Ou seja, a sociedade da Informação incita as escolas e instituições de Educação Superior, bem como os gestores públicos que se dedicam à Educação, a inovar sem perder a essência, imaginar e construir um futuro cuja semente já germina há algum tempo, sendo possível vislumbrar alguns de seus ramos e frutos em diferentes pontos.

2. A Educação a Distância como uma inovação educacionalApesar da história da Educação a Distância (EaD) remontar a centenas de anos – ou até

milhares, a depender do autor – fica claro que foi estabelecida uma nova dinâmica nesse campo a partir do fenômeno da Internet.

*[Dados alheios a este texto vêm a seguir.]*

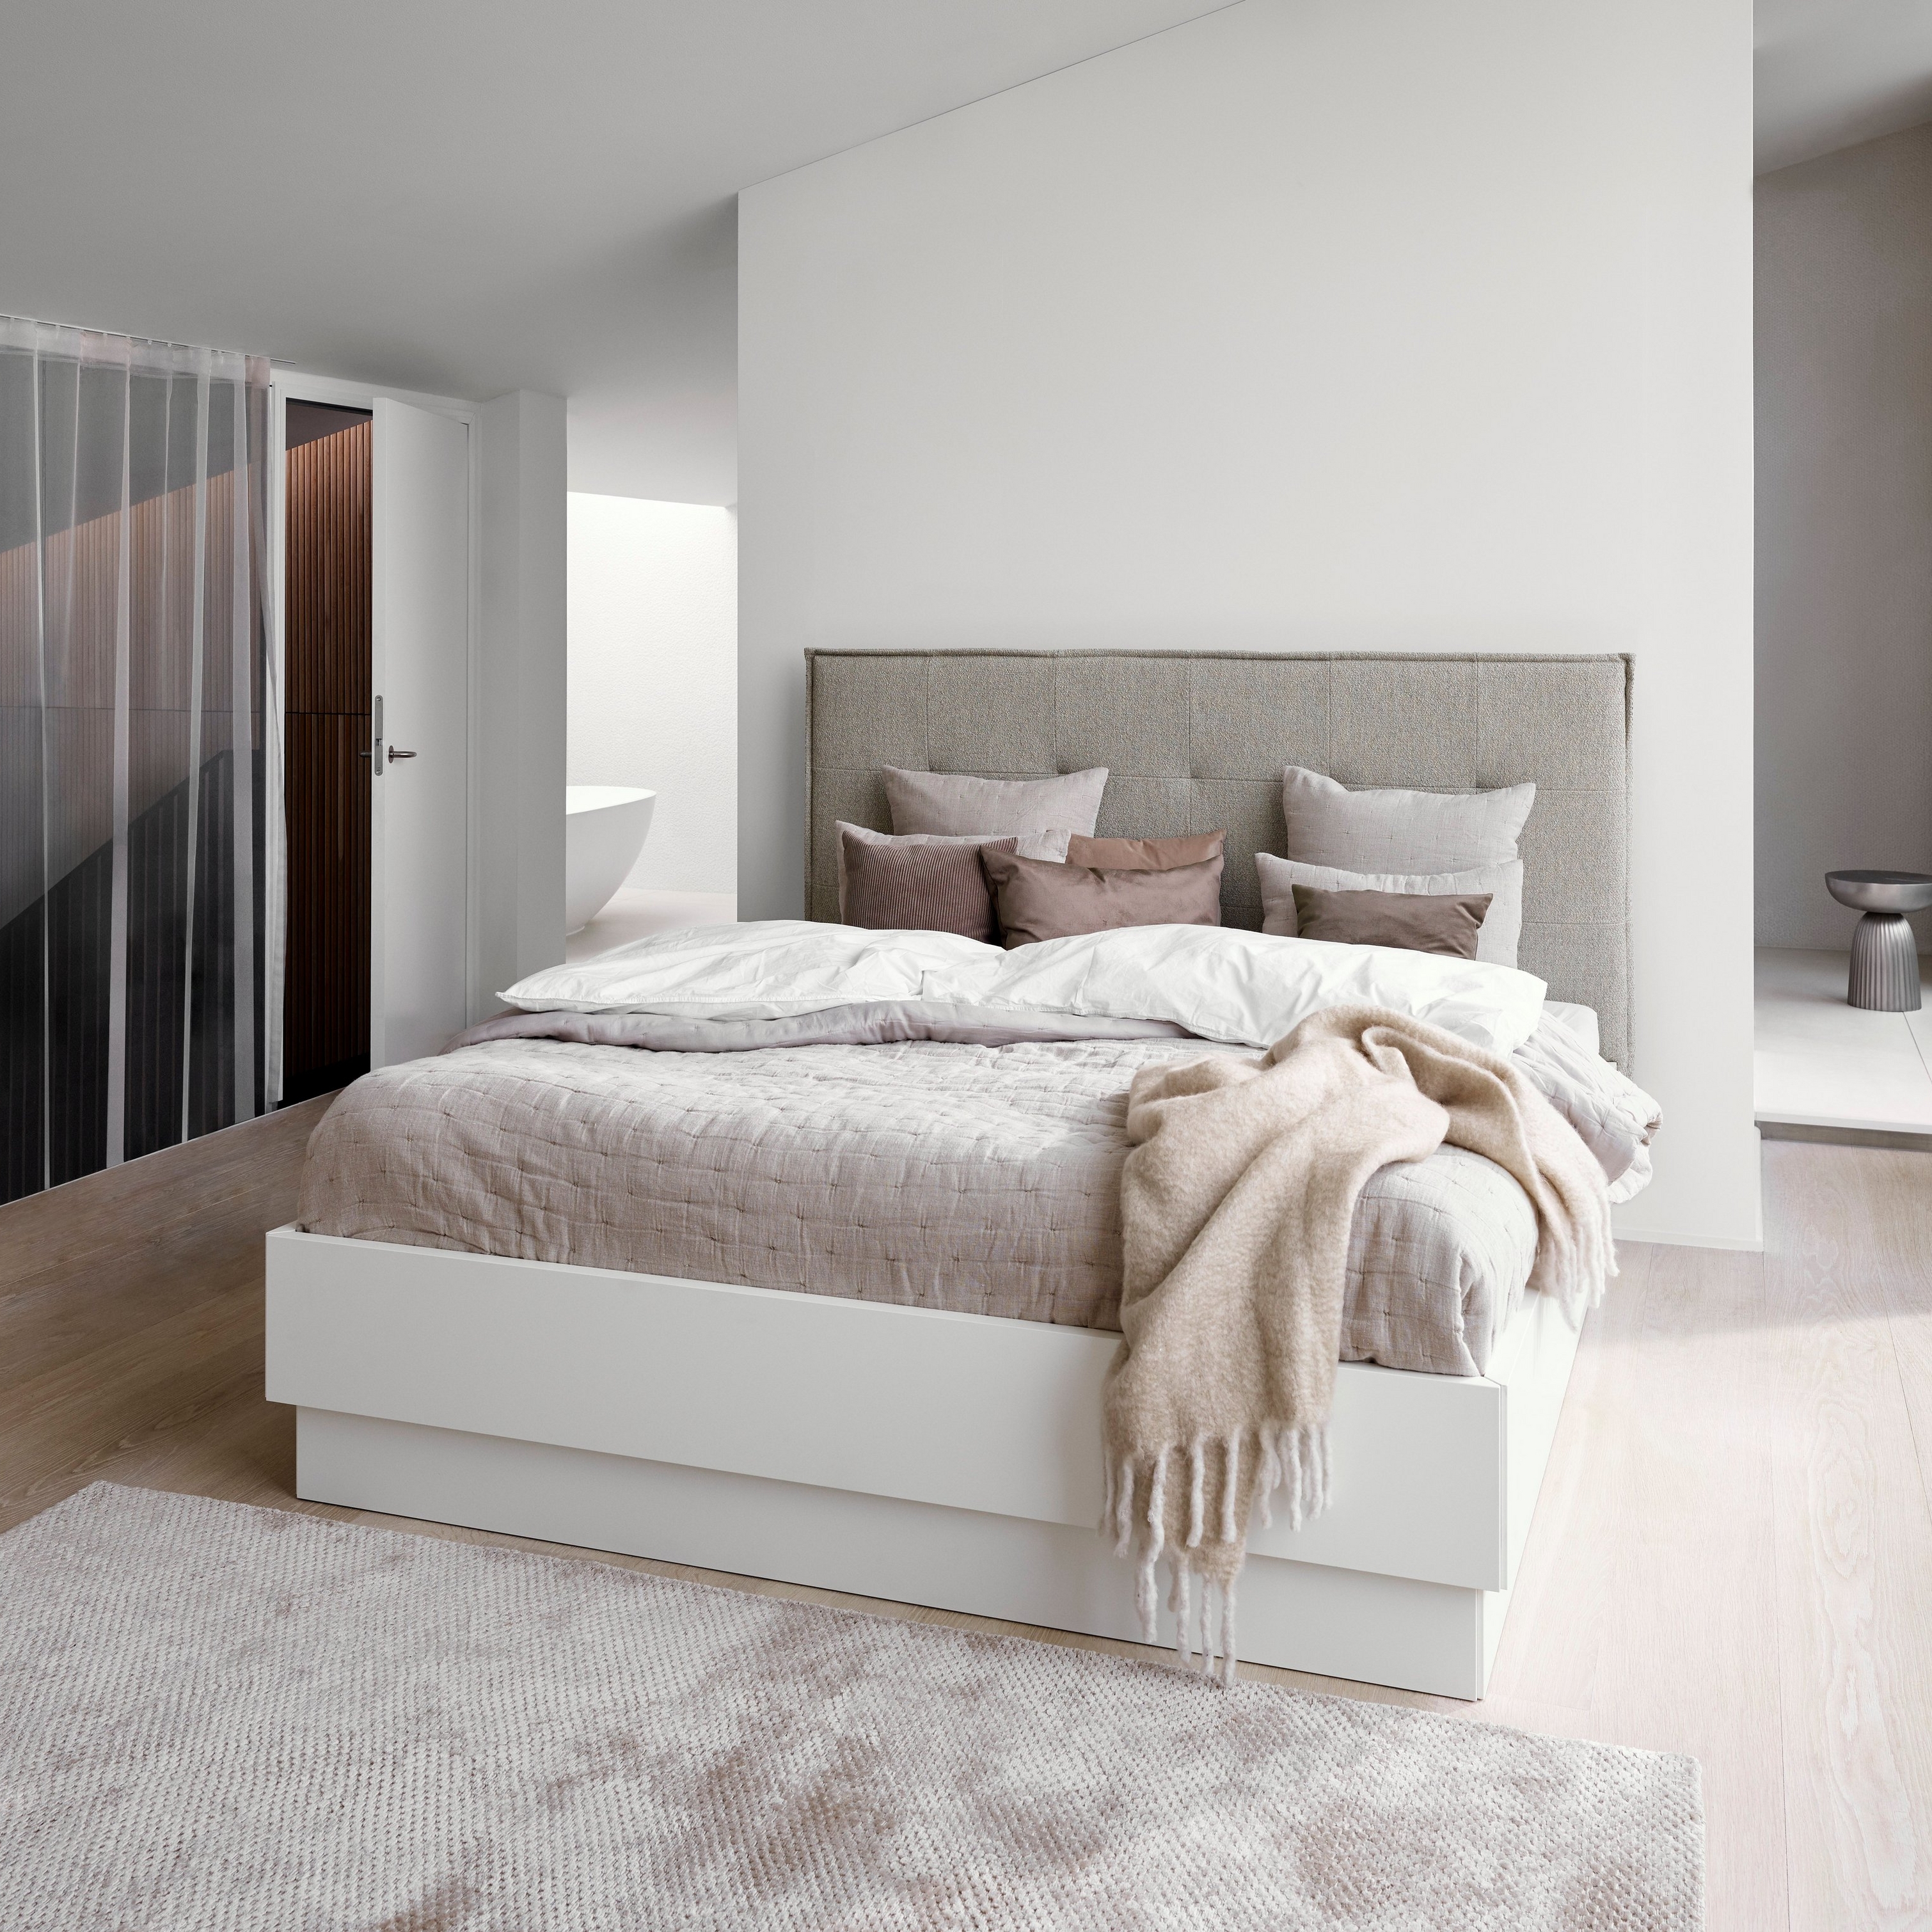 Minimalistisk soveværelse med grå polstret seng, hvidt sengetøj og tekstureret beige plaid.

Um dos objetivos desse texto é analisar a EaD na perspectiva da Inovação em nível das Instituições de Educação Superior (IES).

No Brasil, é comum encontrar empreendedores visionários na gênese das inovações nas IES, homens e mulheres com poder de decisão quase sempre monocrático, para permitir avançar em meio às incertezas sobre os resultados das novas atividades. Não se sabe de antemão qual será o impacto das mudanças. Envolve investimentos, seja na aquisição de ativos fixos ou intangíveis, assim como outras atividades que possam gerar retornos potenciais no futuro, como a formação de pessoas.

A inovação visa a melhorar o desempenho de uma organização com o desenvolvimento de vantagens competitivas ou, simplesmente, a manutenção da competitividade por meio da mudança da curva de demanda de seus produtos ou serviços. Aumentar a qualidade dos serviços educacionais, oferecer novos cursos ou metodologias, conquistar novos grupos de alunos ou reduzir a curva de custos são exemplos dos efeitos em IES.

O Manual de Oslo (OCDE, 2015) define que uma “inovação é a implementação de um produto (bem ou serviço) novo ou significativamente melhorado, ou um processo, ou um novo método de marketing, ou um novo método organizacional nas práticas de negócios, na organização do local de trabalho ou nas relações externas”.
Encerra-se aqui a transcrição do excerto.